You probably won't get red eyes from having adequate levels of chlorine, but you might from Ph. I find my eyes getting irritated by anything over about 7.6.
The PH and TA work hand in hand. Lets get your pump fixed and we will work on all of your levels.
The new plaster will push that PH up and fast. MA is your best friend for a while.
I think there may be some disconnect here. The pump is fine but there might be a leak somewhere in the pool that we are trying to diagnose. I will be turning the pump off 48 hours starting tonight (not before my daily acid and chlorine add mind you) and will mark the water levels to see how much we lose. I will also perform a bucket test just for my own sanity. If the pool chemistry starts going out of whack during the 48 hour no pump run then I will manually mix it around myself (yay!).

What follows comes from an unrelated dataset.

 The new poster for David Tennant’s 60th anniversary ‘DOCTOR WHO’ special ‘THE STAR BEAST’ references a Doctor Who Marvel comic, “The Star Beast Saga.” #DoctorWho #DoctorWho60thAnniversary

Well, just as I expected barely a hint of chlorine left after not running the pump for 2 days. . Just added a hold jug of it per pool math so we'll see how it goes. Water still looks good though.
Yeah, I know it was the sun. I'm just happy the water didn't change colors on me but I guess that doesn't happen easily when your pool is maintained the TFP way.

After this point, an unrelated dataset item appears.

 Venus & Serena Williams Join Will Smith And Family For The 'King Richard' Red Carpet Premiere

My ph is out of control as I can't seem to get it stable. Is it because I have a spillover that runs 10 hours a day? My chlorine is also getting murdered everyday (adding almost a gallon a day because it always drop to 0 after 18 hours). I assume that's because we use it everyday and the pool sees sun the whole time its out.
Here is where I'm at now
FC - 5.5
TC- 6
PH - >8.2
TA - 110
CYA - 40
Yes, stop running that, or run it an hour or less per day. Also, your TA is high-ish. Getting that down to 60-80 range will help slow pH rise. Adding acid to lower ph will slowly lower TA. Or you can do it faster here, Pool School - Lower Total Alkalinity
Raise CYA to 60 to help with FC loss to the sun.